Online vs. On-Campus vs. Hybrid
You have new options with which to pursue your education. If you can’t realistically leave work every day or drive a long distance to attend classes on-campus, you may be able to earn your degree with on online or hybrid class format. Each option has its pluses and minuses.
With on-campus, you attend classes on a strict schedule. If you have a crisis in the hospital or at home, the class goes on, regardless. However, you’ll be able to meet your professors and fellow students with this option—something that will be an advantage during study crunch times.
In an online format, you take all of your classes, quizzes, and class discussions to the internet. You’ll be able to set times and days for studying that work with your schedule. If you can’t stop to study because of a patient emergency, the link for that class will still be there.
One drawback to this option: you won’t meet your professors or fellow students in person.

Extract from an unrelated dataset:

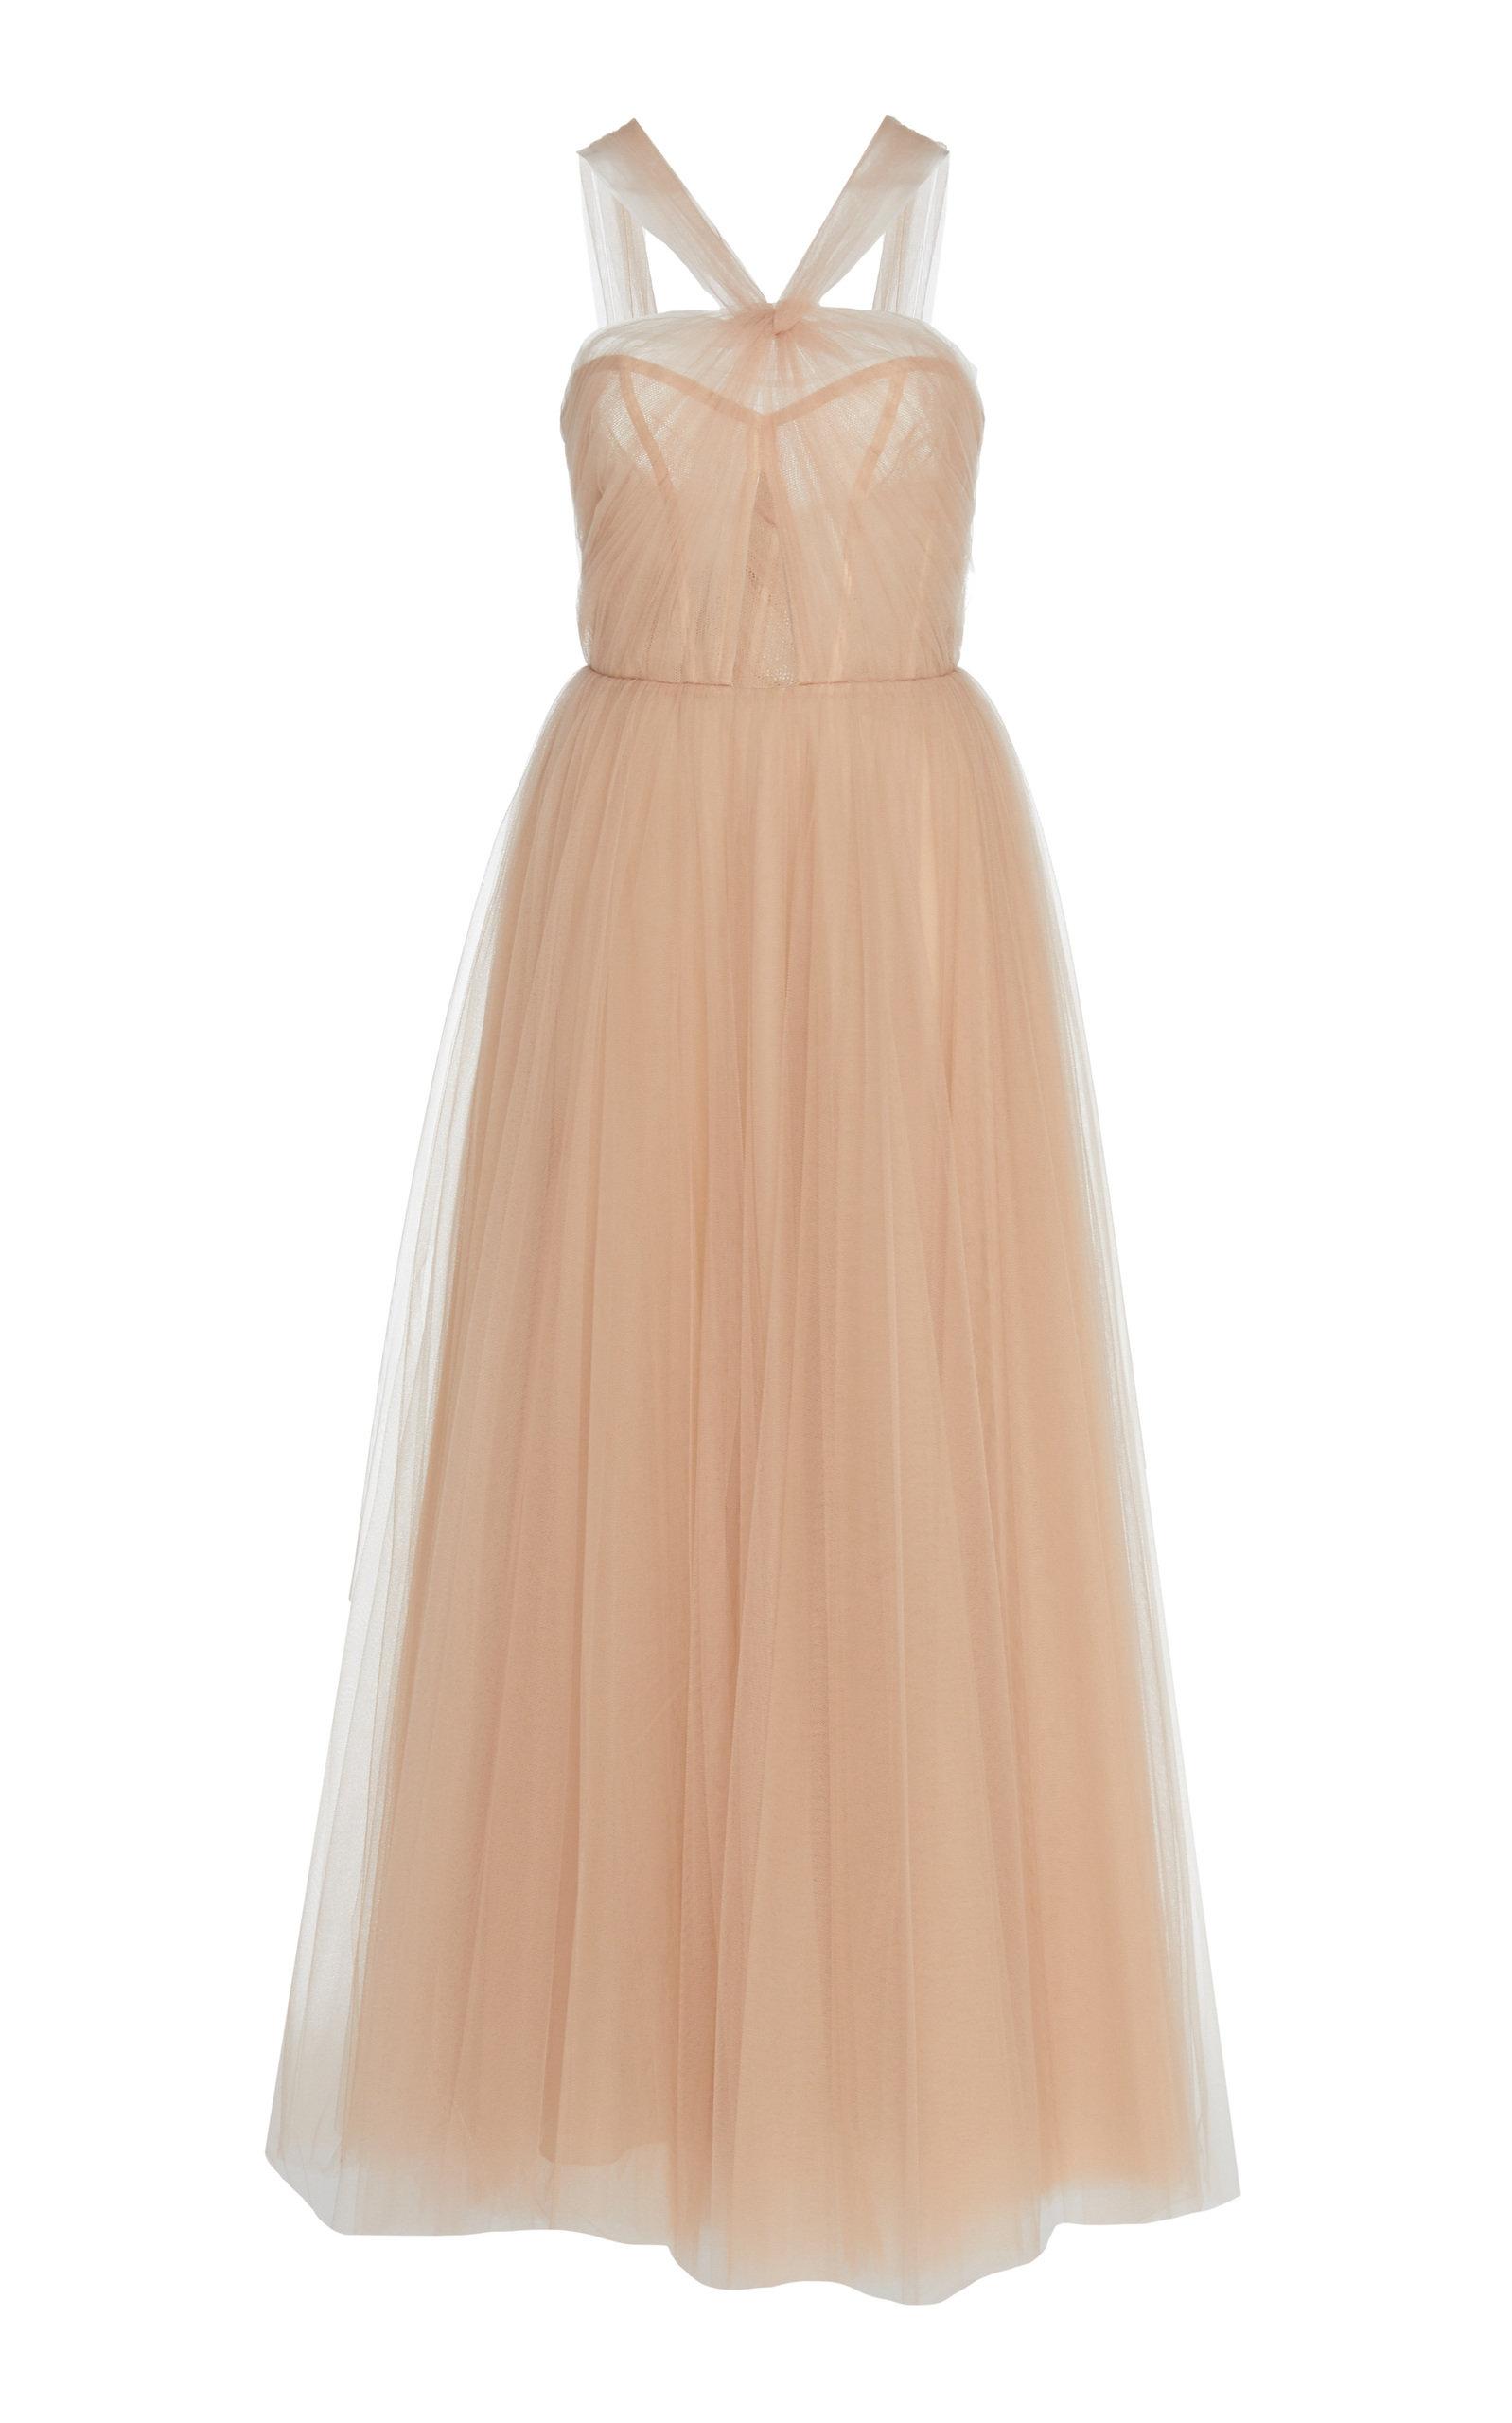 Buy Monique Lhuillier Halter Fit-And-Flare Tulle Gown online, shop Monique Lhuillier at the best price

With a hybrid-based education, you’ll get the best (and worst) of both the on-campus world and the online world. Your transportation costs will be much lower because you don’t have to go to the campus very often—usually once or twice per term. You’ll also have the opportunity to spend time with fellow students and your professors during your “residence” weekends.
On the downside, outside of those residencies, you’ll still be the sole student wherever you’re studying. You won’t be able to turn to a fellow student to ask a question.
Does the College Have Post-Graduate Job Placement Help and Assistance?
As you get closer to graduation, it’s time to start turning your thoughts toward your first job after graduation. You might have trouble updating and refining your resume, working on individualized cover letters, and setting up interview appointments. After all, you’ll be working on your capstone or thesis and beyond busy. A Career and Placement Services office on campus can help with some of the legwork. You’ll be able to access jobs, internships and, if needed, on-campus jobs. Schedule appointments with career services staff to explore nurse educator careers and positions. Receive resume feedback and assistance in writing a cover letter that will be noticed. Finally, you’ll be able to take part in on-campus job search events.
Why You Need to Consider the Overall National Rankings of the College and its Effects on Your Career or Salary
The schools that are featured in “top 20” lists do tend to lead to the highest employment averages. Students who graduate from one of these 20 colleges boast, on average, an employment rate of 84%. In comparison, the overall average is only 50%.
Within a top 20 school, choices of major also impact employment. Even with the nursing shortage, engineering students claim the second-highest employment rate of 54%. Make note of the top 20 colleges if high probability matters to you.